Limiting stromal dehydration during refractive procedures

April 15, 2013

Faster treatment times will help reduce variable hydration during ablation

Take-home

In this surgical perspective, Sonia H. Yoo, MD, explains how her patients have much more precise refractive outcomes, and part of that can be attributed to the decreased stromal hydration variability.

 

By Sonia H. Yoo, MD; Special to Ophthalmology Times

One of the variables during LASIK is the amount of stromal hydration that exists during excimer ablation. Lifting the flap immediately causes the stroma to begin to dry.

If the stroma becomes rapidly dehydrated, the laser may ablate more tissue than intended, causing overcorrection of refractive errors. If the stroma is too wet, there is a chance of undercorrection of refractive errors.

Other potential unexpected refractive outcomes can include astigmatism and central islands if there are fluctuations or transient changes in corneal hydration during the surgery.1,2 While we were getting good outcomes with early-generation lasers, there was room for improvement.

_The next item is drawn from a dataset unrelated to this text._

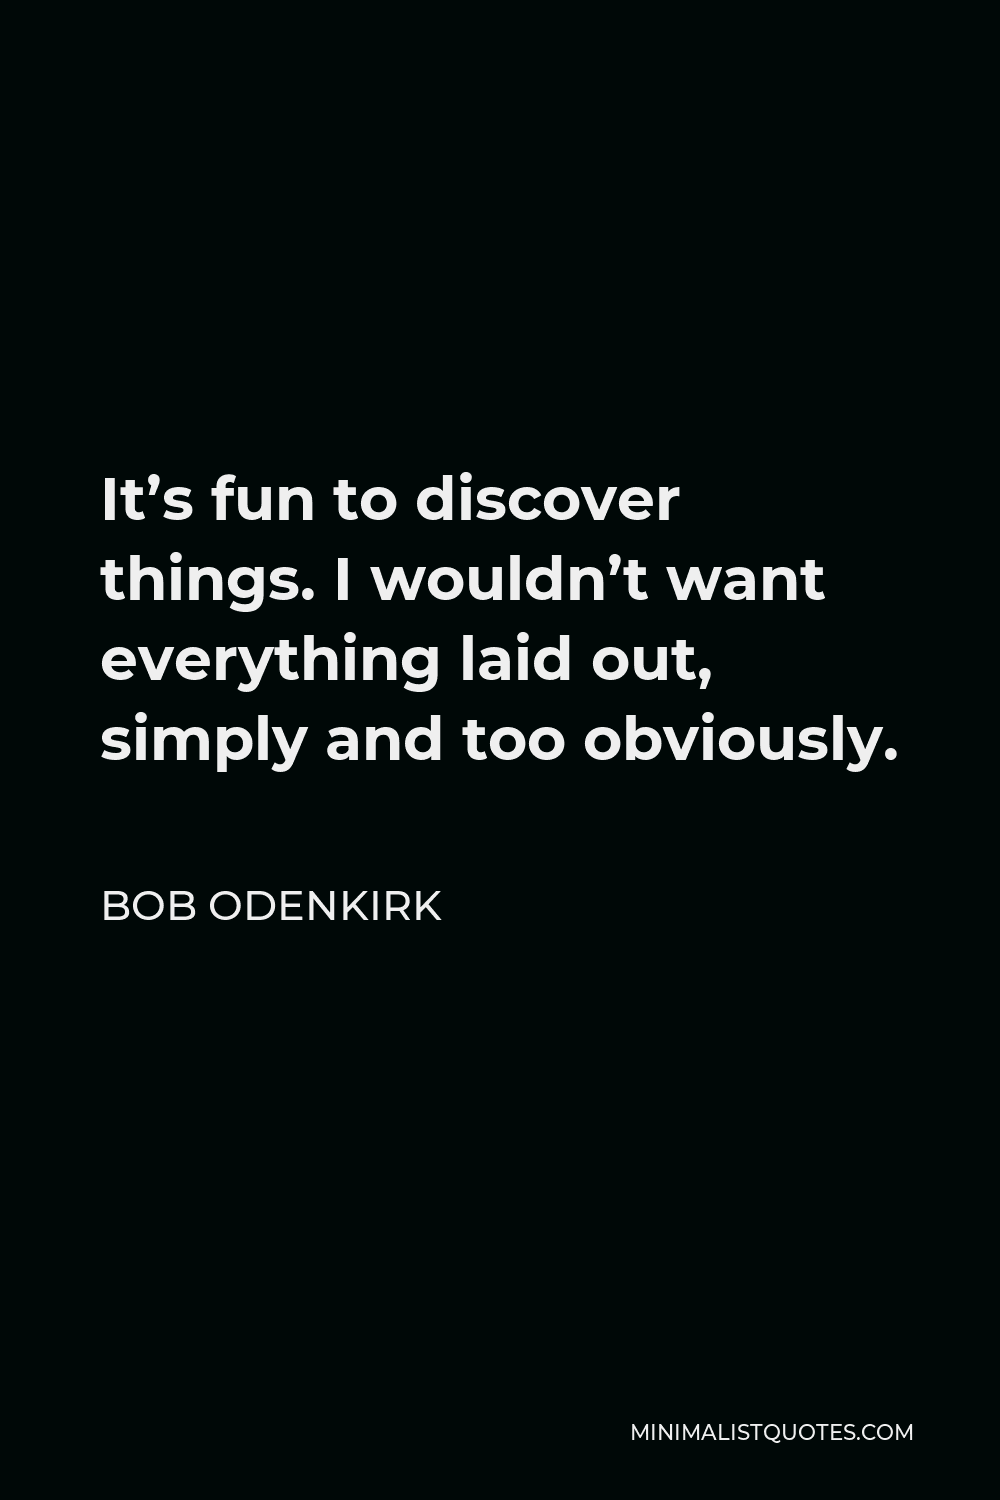 Bob Odenkirk Quote - It’s fun to discover things. I wouldn’t want everything laid out, simply and too obviously.
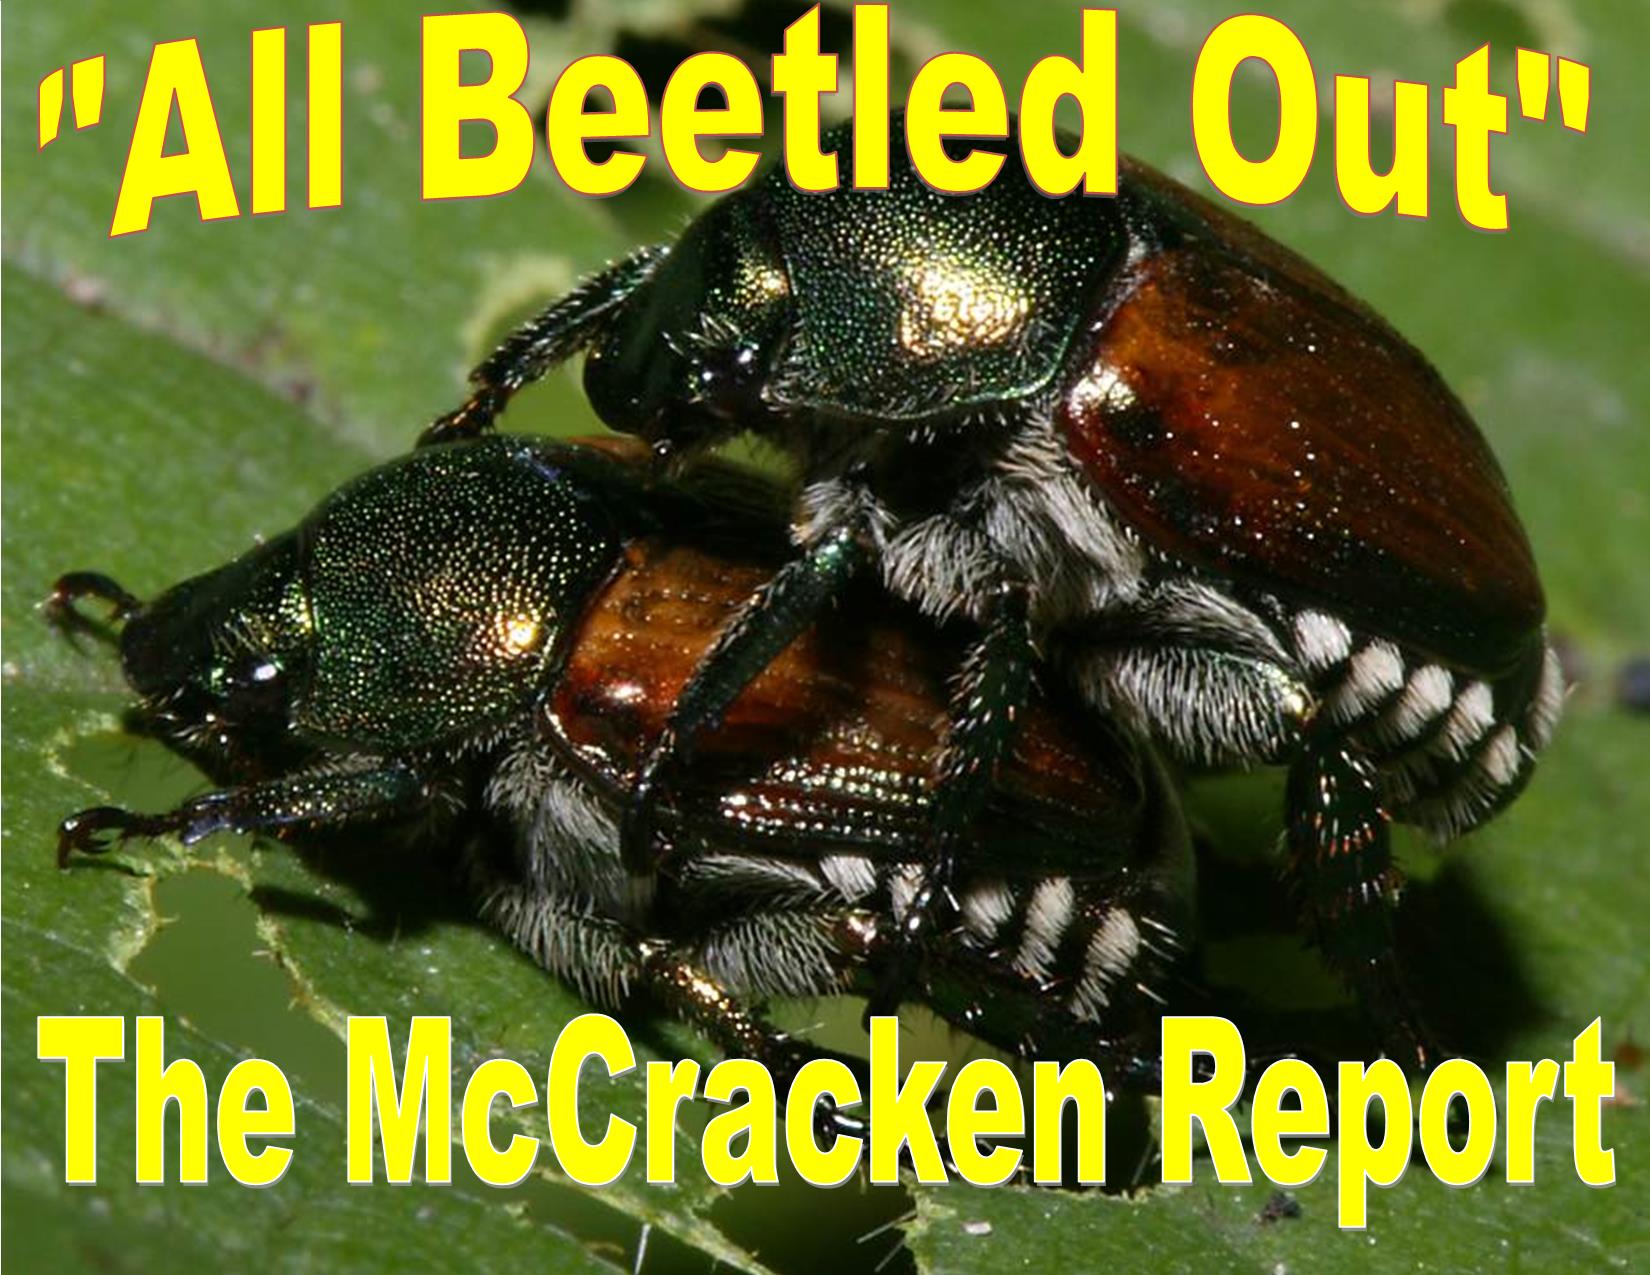 KWGA members Kevin Newcombe and Wayne Burke model the Life Cycle Mating habits of the dreaded Japanese Beetle.

When refractive surgeons shifted from microkeratome-based flaps to femtosecond laser-created flaps, we found more uniformly dry beds. (Microkeratomes tended to leave beds more hydrated.) The femtosecond-created flaps were more uniform and this led to tighter surgical nomograms, which, in turn, led to fewer unintended refractive outcomes. In today’s demanding society, unexpected outcomes or results that patients perceive as less than perfect necessitate re-treatments.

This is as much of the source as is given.